## TASK INPUTS
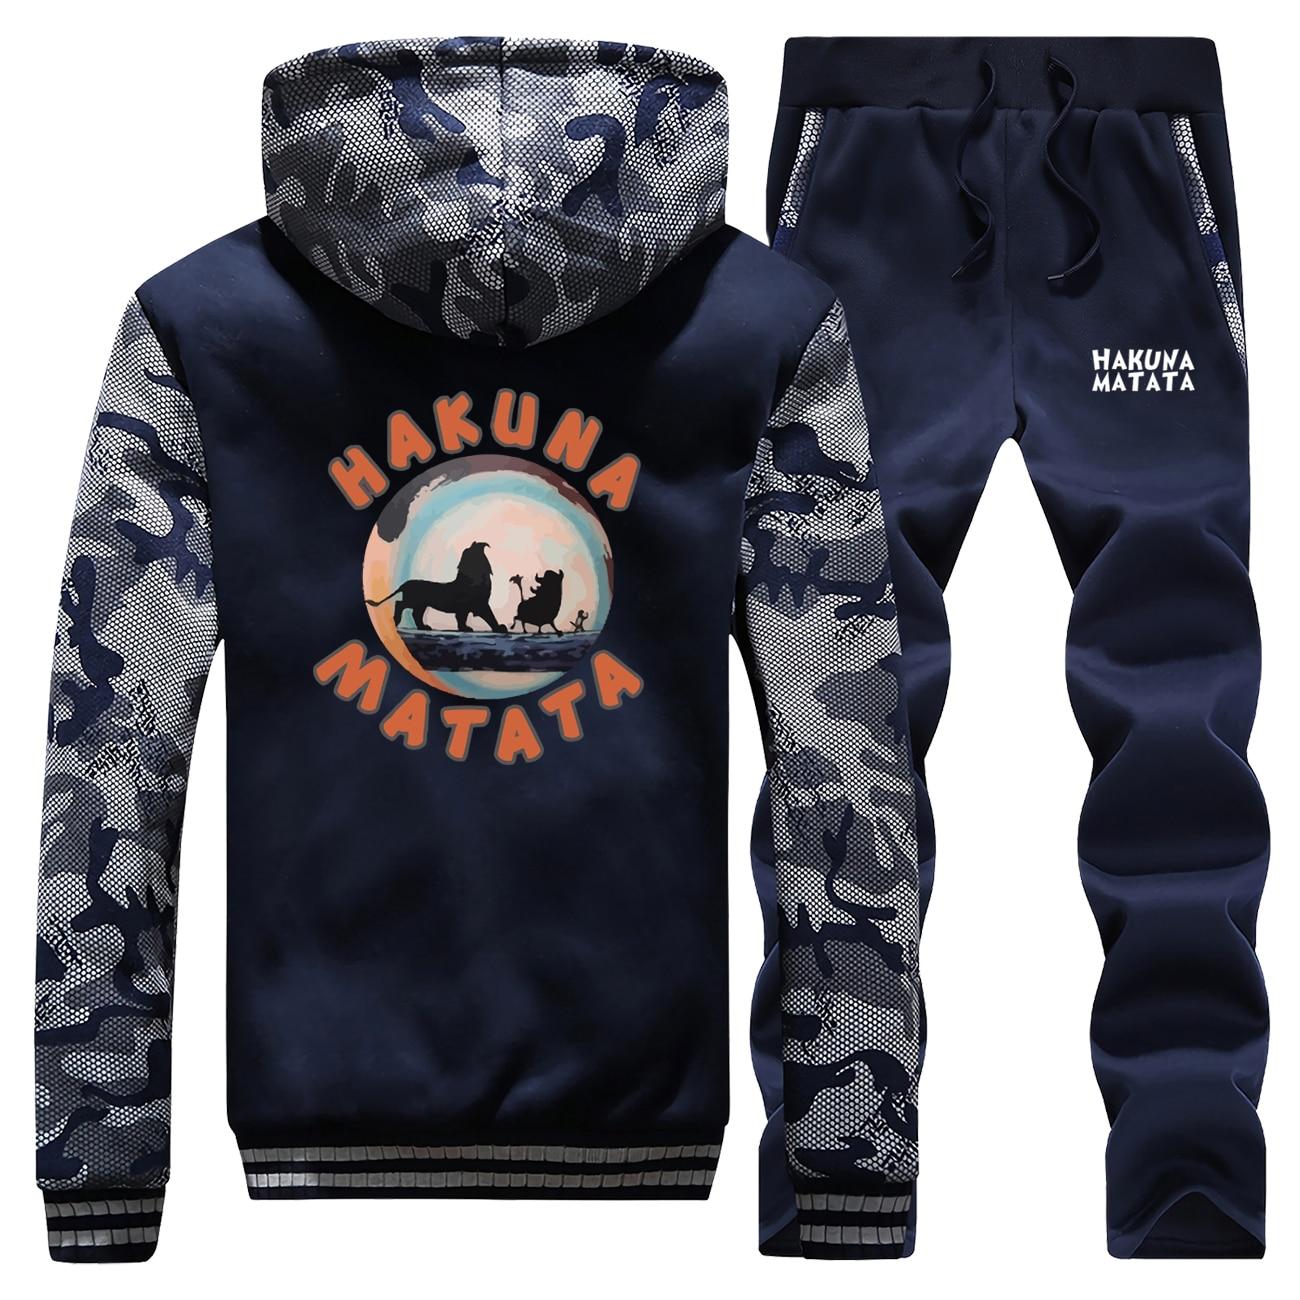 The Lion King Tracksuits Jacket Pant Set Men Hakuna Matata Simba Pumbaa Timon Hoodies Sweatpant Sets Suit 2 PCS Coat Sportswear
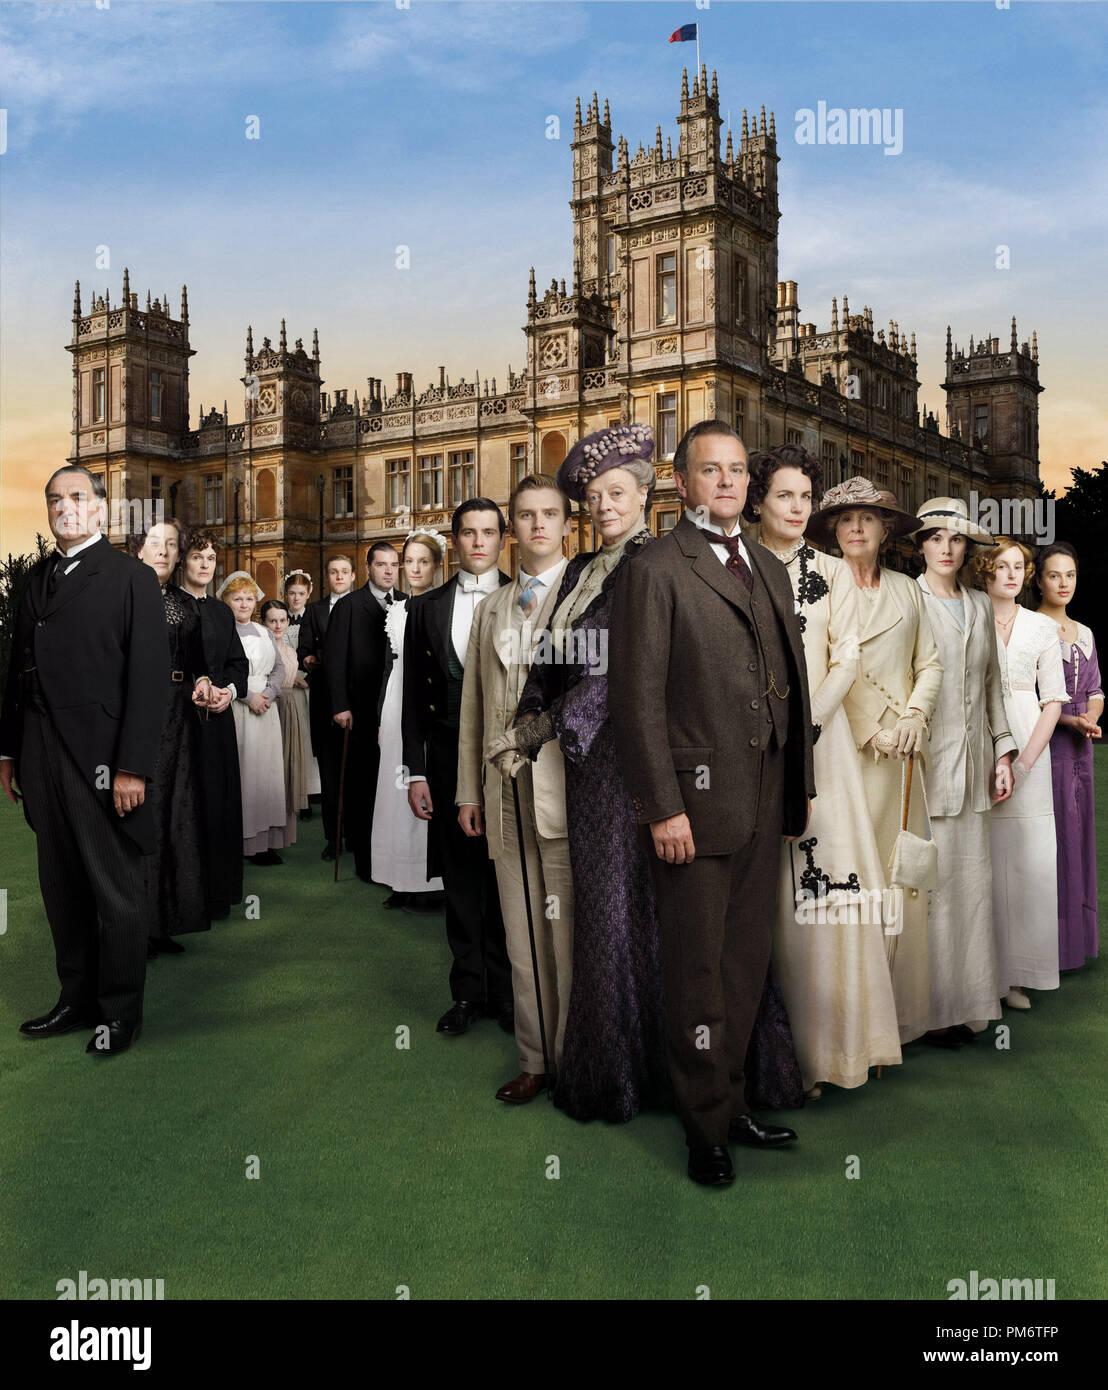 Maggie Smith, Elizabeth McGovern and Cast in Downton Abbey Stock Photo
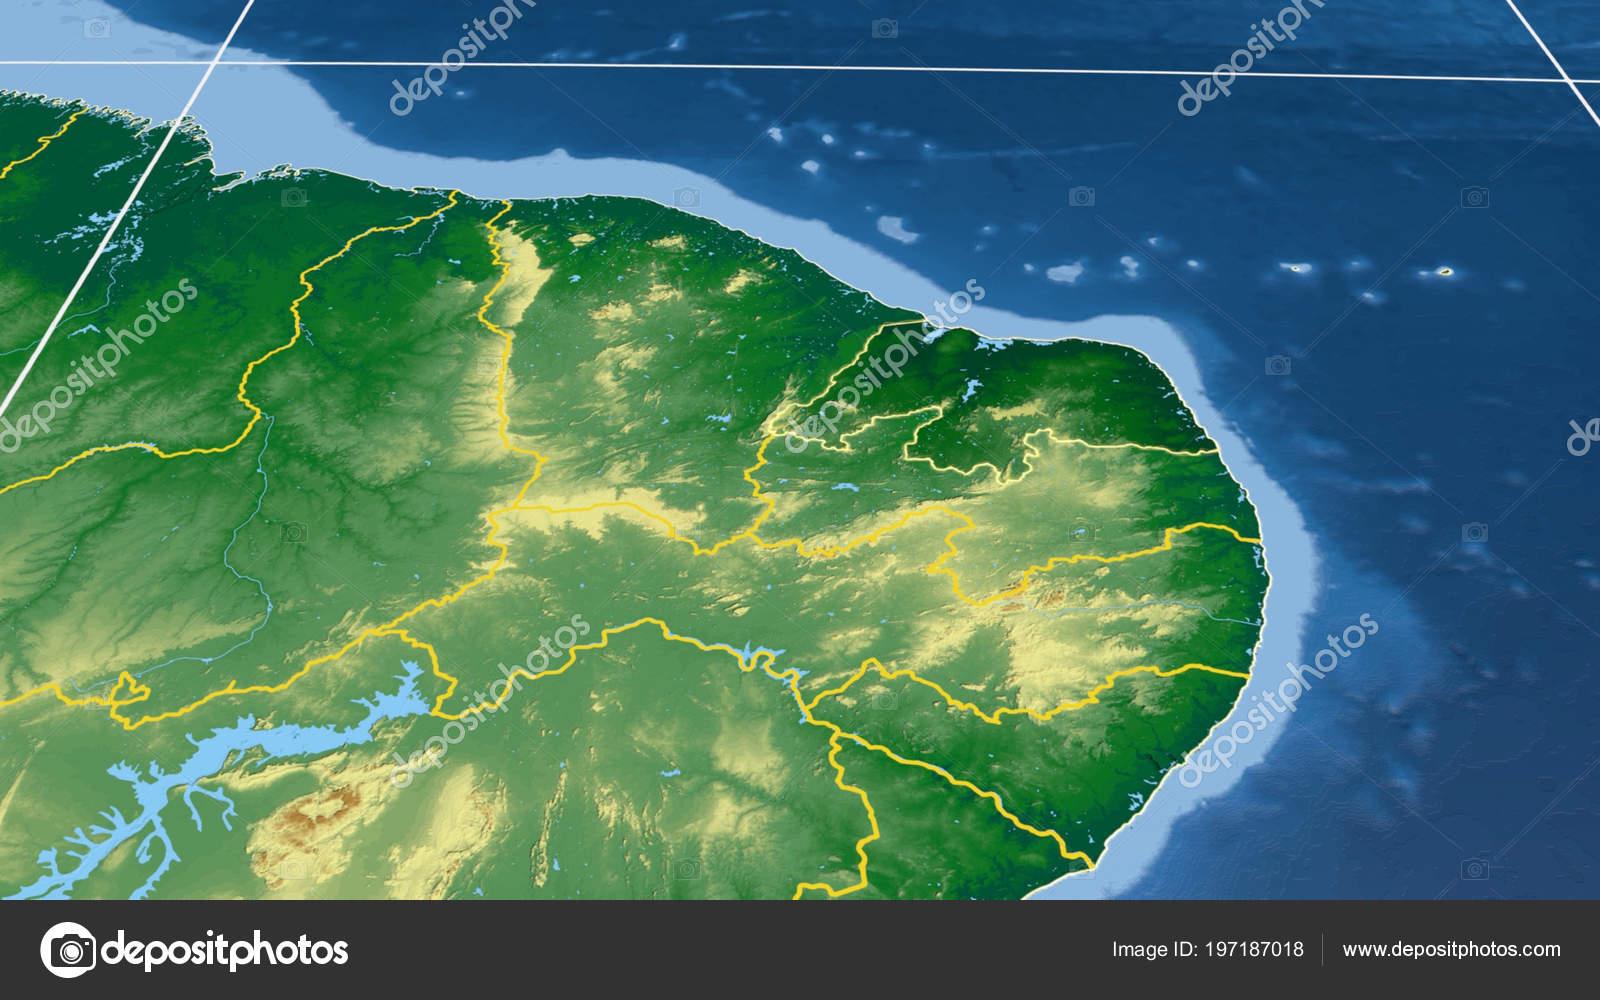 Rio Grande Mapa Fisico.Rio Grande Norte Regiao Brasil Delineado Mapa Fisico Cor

==

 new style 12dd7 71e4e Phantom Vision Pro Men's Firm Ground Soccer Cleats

## WHAT THE EXERCISE ASKS
For this exercise, return exactly the lines above from the line with "Maggie Smith, Elizabeth" through the line with "Rio Grande Mapa", both included. Do not copy the pictures.

## FINAL ANSWER
 Maggie Smith, Elizabeth McGovern and Cast in Downton Abbey Stock Photo
 Rio Grande Mapa Fisico.Rio Grande Norte Regiao Brasil Delineado Mapa Fisico Cor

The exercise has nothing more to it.